Army, Air Force join forces to save K9 tooth
By 2nd Lt. Natasha Mosquera, 436th Airlift Wing Public Affairs
/ Published July 10, 2018
DOVER AIR FORCE BASE, Del. --
On April 12, 2018, members of the 436th Airlift Wing Dental Operations Flight gained a new patient that required them to put some of their unique capabilities to the test, here.
A root canal was performed on Military Working Dog Karlo, an 80-pound Belgian Malinois assigned to the 436th Security Forces Squadron, because of an incident that occurred during a training demonstration one day prior.
The incident left him with a broken tooth and an exposed pulp cavity.
Lt. Col. Aaron Krance, the Dental Operations flight commander, said exposure to bacteria in the outside environment would have caused the pulp, which contains blood vessels and nerves, to die.

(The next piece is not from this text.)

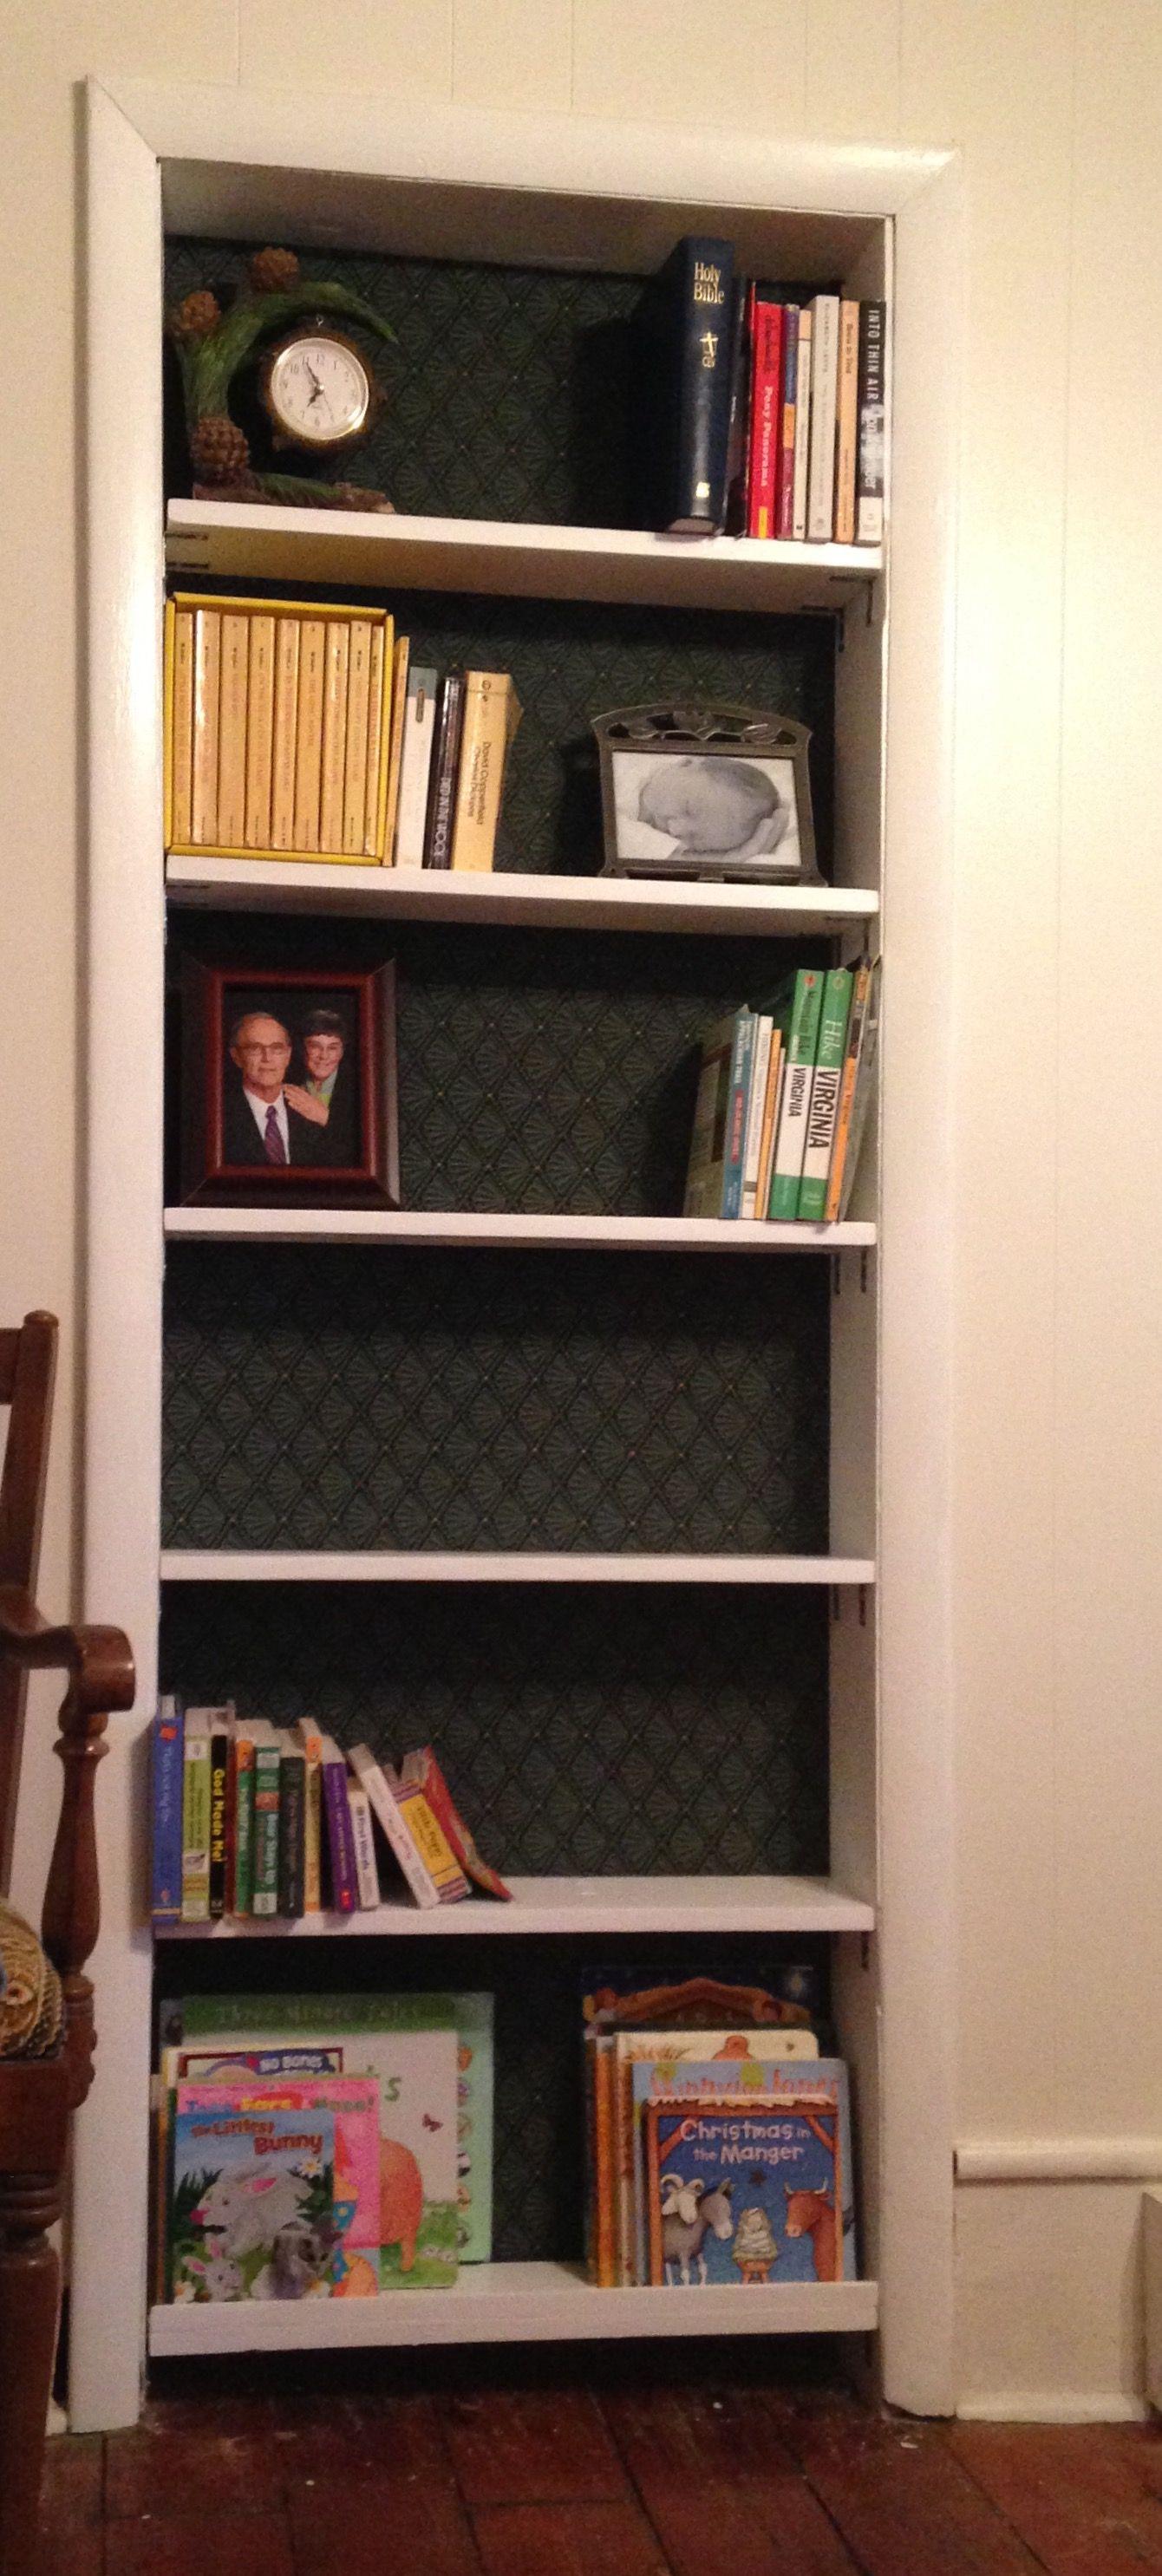 beachcrest bookcase home pdx mouzon bookcases wayfair furniture enclosed reviews

“There’s only two things that you can do with a dead pulp, and that’s either do a root canal therapy or extract the tooth,” Krance said.
He said the reason root canal therapy is performed on the canine teeth of dogs is because they are so large.
“It’s almost shaped like a banana. It sticks up so far, but then it curves down and goes back along the jawbone,” Krance said. “It’s really well anchored in there, so to try and just extract the tooth can be very traumatic for the dog, and you may have to remove a lot of bone, so it’s not a great option.”
A much bigger tooth calls for much larger instrumentation.
Prior to the procedure, X-rays were taken, and it was determined that a 67 millimeter file would be used on Karlo versus a 25 millimeter human-sized one.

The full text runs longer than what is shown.